Two different Chinese clinical trials have been officially registered (NCT01341899 and NCT00807651), involving patients recruited in Shanghai and Nanjing; however, multiple papers have been published by the authors, presenting the outcomes of different pools of patients with sometimes very similar baseline characteristics. For this reason, a clear assessment of their overall findings is difficult to perform.
Li et al. recruited 13 Chinese patients and designed a protocol similar to the Brazilian one [50]. Only 3 patients developed IID, 1 of which relapsed after 7 months; 8 patients simply required reduced insulin doses for adequate glycaemic control and 2 patients were non-responders. The reason for a lower IID rate compared to the previous studies was ascribed to an average longer time from T1DM onset (up to 12 months), a more aggressive disease (10 patients experienced DKA, although among them were two of the three patients who achieved IID) and stronger immunity (more than 50% of patients developed autoantibodies against two β-cell antigens before AHST). Nevertheless, the levels of serum fasting and post-prandial C-peptide in responding patients for at least 6 months after AHST were significantly higher than before treatment, while plasma HbA1c levels were significantly lower. Only mild side effects were documented, plus a case of autoimmune thyroiditis 6 months after AHST. The researchers also characterized the immunological state of the patients after AHST and found out that only CD4+ T lymphocytes, unlike other cells, remained persistently lower after immune reconstitution; the concentrations of serum IL-1, IL-17 and TNF-α at 3 months and TNF-α and TGF-β at 6 months after AHST were significantly lower than before treatment, while TGF-β levels raised at 36 months. Moreover, the number of infused CD34+ cells was positively correlated with the concentrations of serum IL-10, IL-4 and TGF-β but negatively with TNF-α (despite IL-10 and IL-4 levels remaining globally unchanged over time). Four out of 7 GADA+ patients became persistently negative, and another 3 cases became only transiently negative after AHST; 6 islet cell antibodies (ICA)+ patients became either transiently or continuously ICA-. Only 2 cases developed insulin autoantibodies (IAA) during follow-up. These findings were consistent with the reconstitution of a tendentially anti-inflammatory environment after AHST [50].

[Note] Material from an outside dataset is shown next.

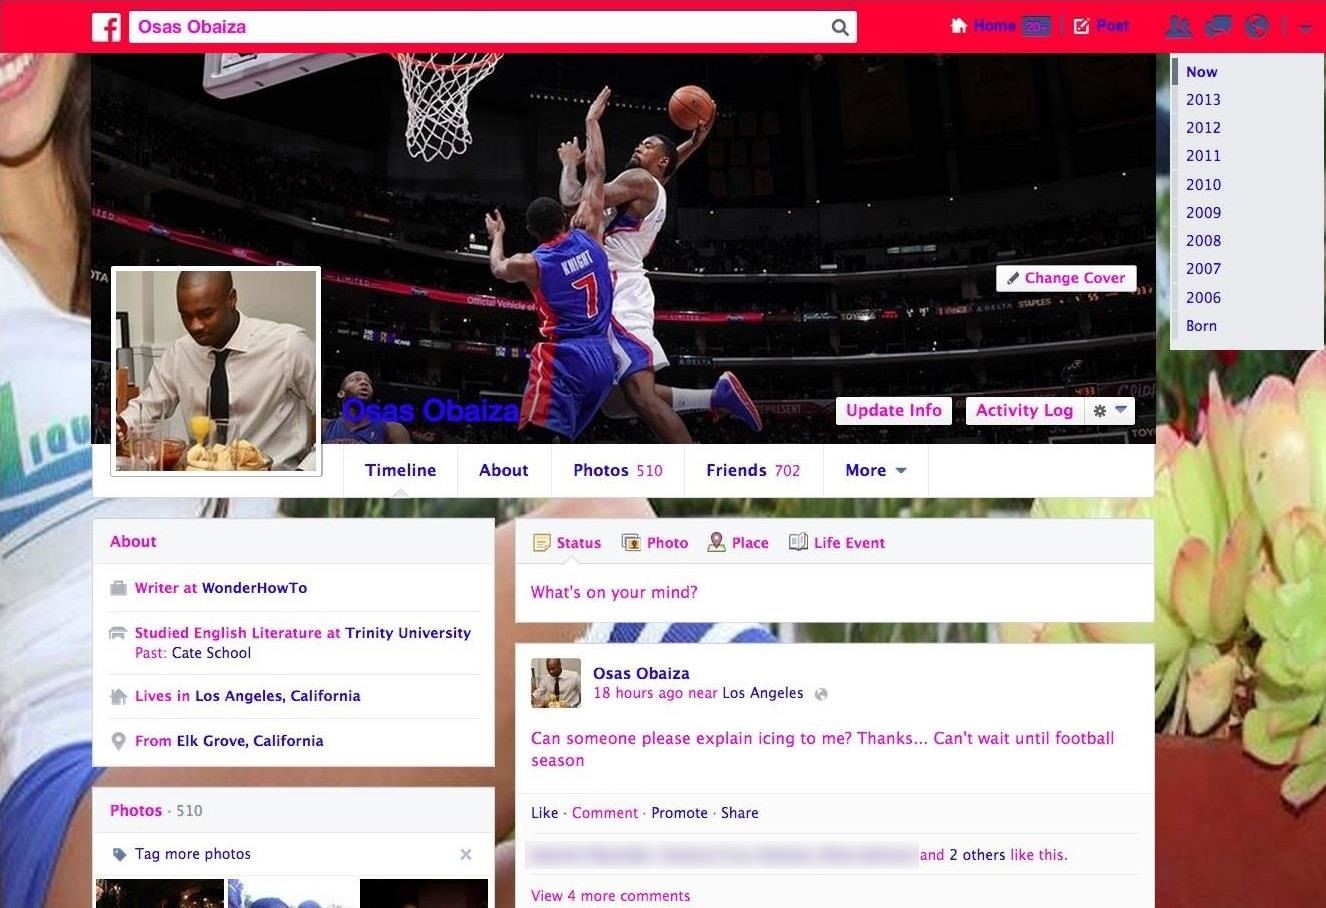 How to Change the Text Color & Default Blue Facebook Theme for a More Swaggy Profile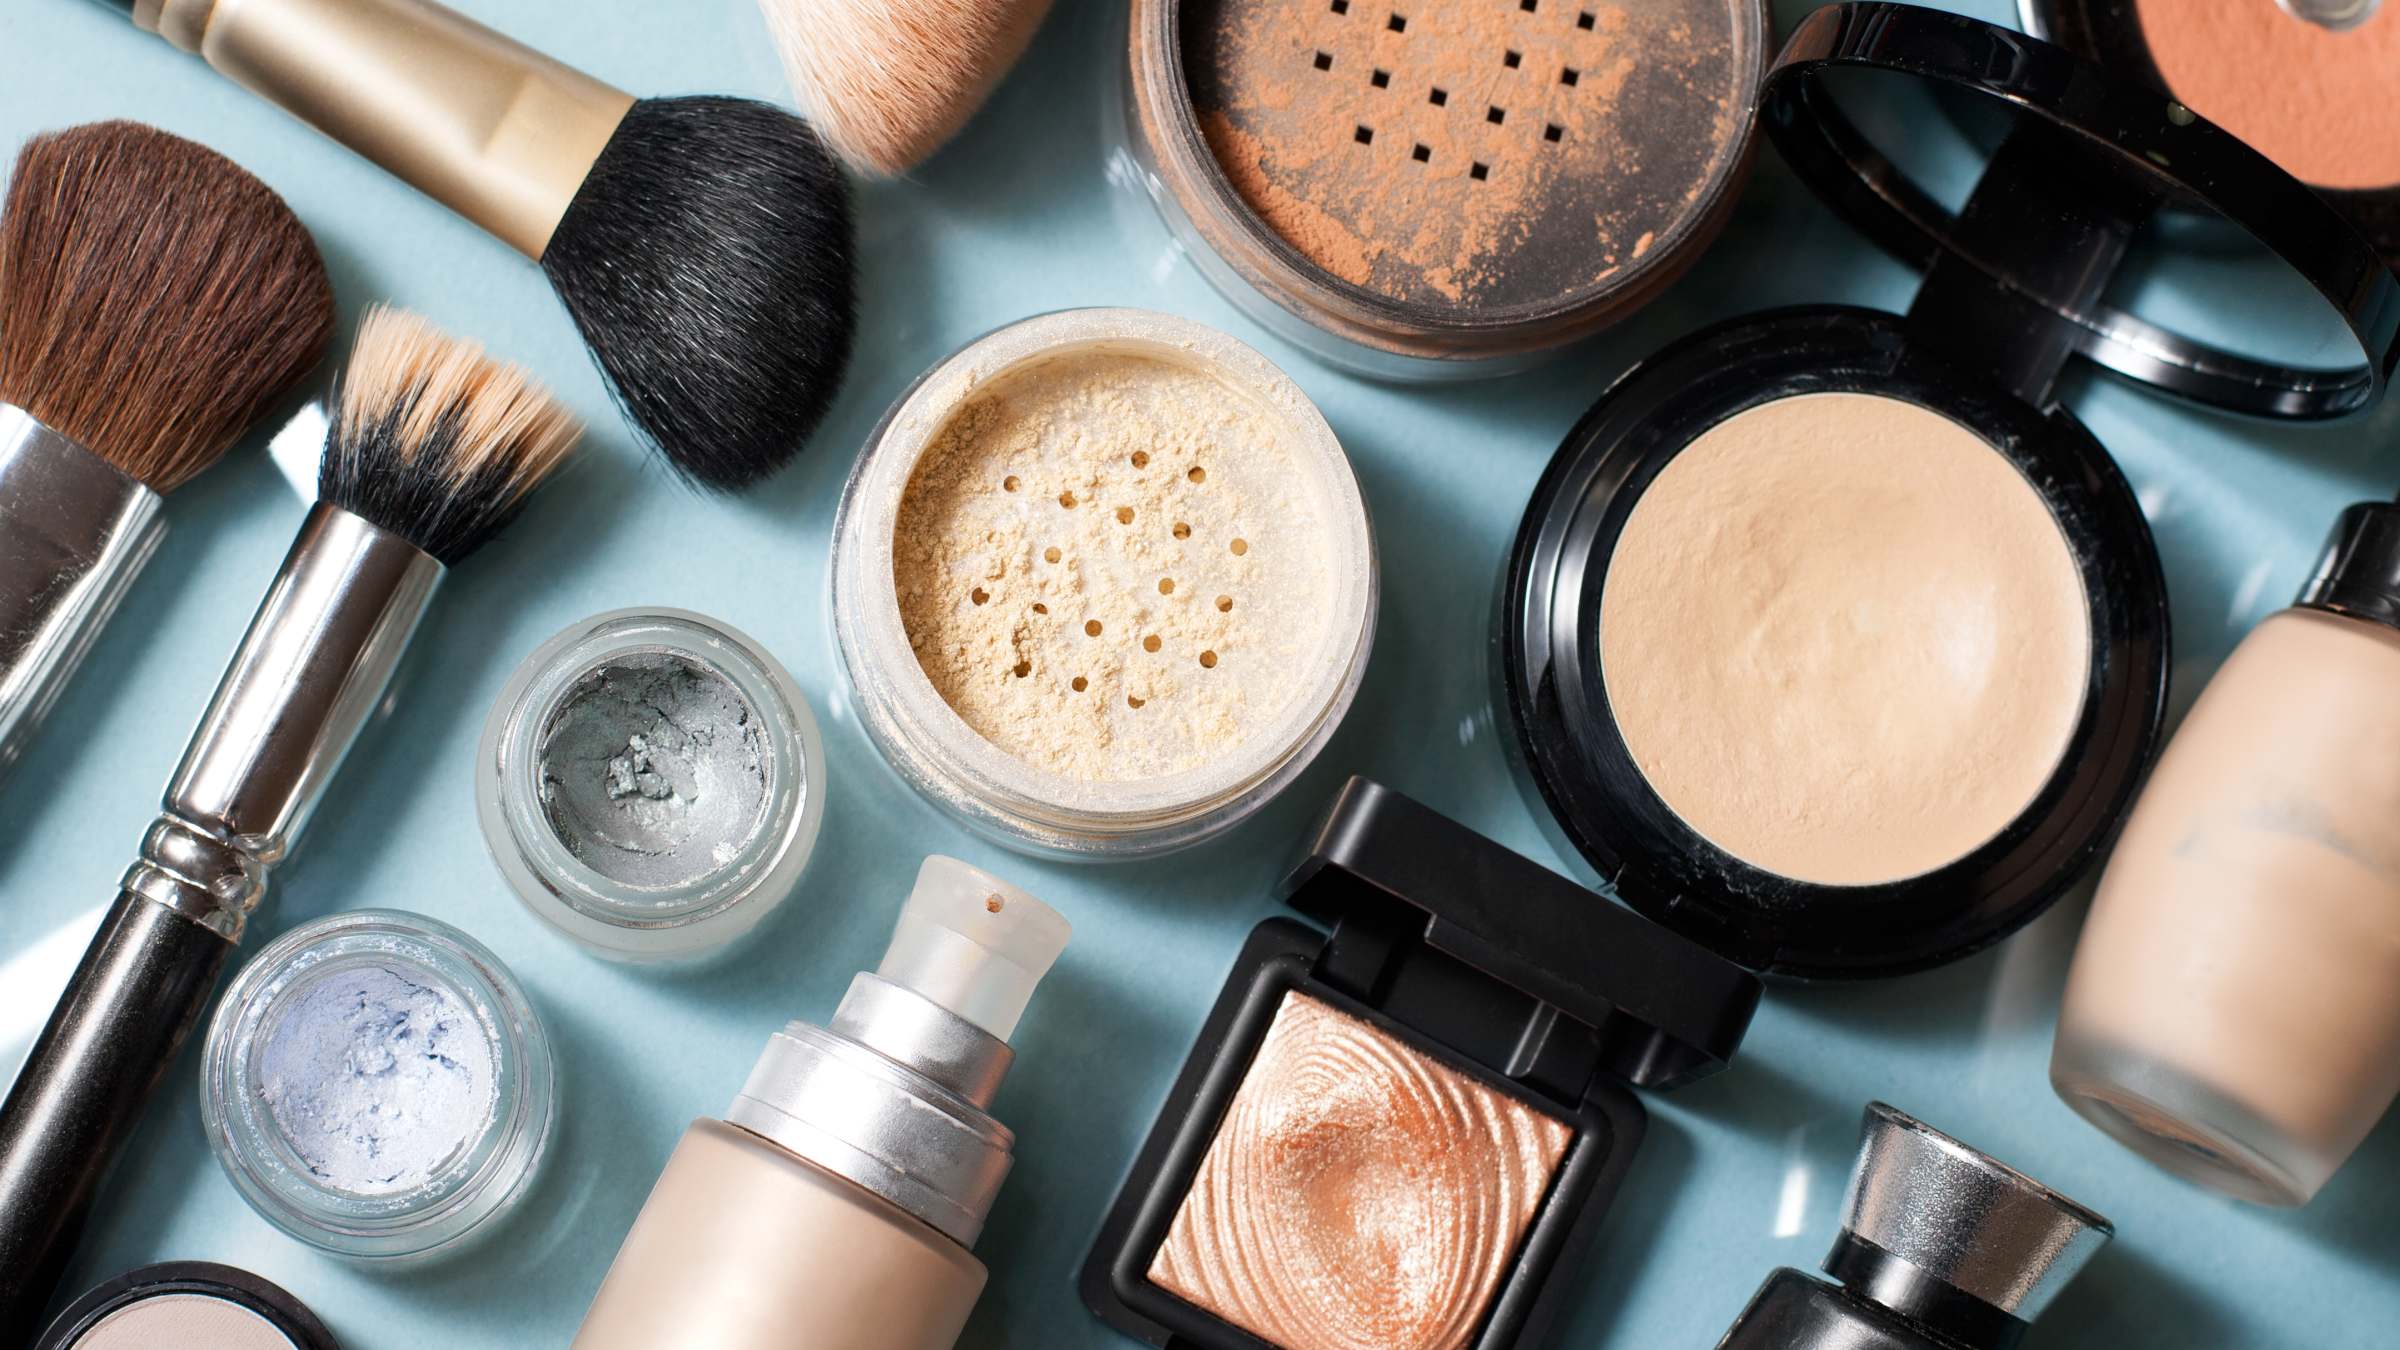 Can you use expired makeup? Ohio State Health and Discovery image

Another Chinese study aimed to clarify the impact of a history of DKA on the outcome of AHST: Gu et al. enrolled 28 patients with a recent T1DM diagnosis (up to 26 weeks before), 11 of which presented with DKA at diagnosis. After AHST, only 3 patients with previous DKA achieved at least transient IID, versus 12 patients without previous DKA (p = 0.051). Moreover, the DKA patients showed a delayed response to AHST and trended towards a higher insulin dose requirement after 1 year, while in the other patients, the ongoing destruction of the remaining β-cells slowed or stopped, and the fasting C-peptide concentration and AUC increased significantly [51].
Zhang et al. found no significant difference in immune cell populations between 6 patients who became insulin-free after AHST and 3 patients who remained dependent, either pre-AHST or after 6 months; they also performed an array-based genomic study and analysed the transcriptome in the peripheral blood mononuclear cells of these patients (PBMC) [52]. They discovered that most of the immune-related genes were upregulated in both groups, except for regulatory genes such as FoxP3 and IL-10, leading to the speculation that the beneficial effects of AHST could be due to the deletion of autoreactive clones rather than the activation of immunoregulatory response. Furthermore, they identified two major gene expression pathways: the selective expression of chemokine receptors during T-cell polarization, and IL-12 and Stat4-dependent signalling pathways in Th1 development. This finding suggests a predominant differentiation of T lymphocytes in Th1 type after AHST and possibly with a new T-cell receptor (TCR) repertoire, as is consistent with observations in former systemic sclerosis studies [31][52][53].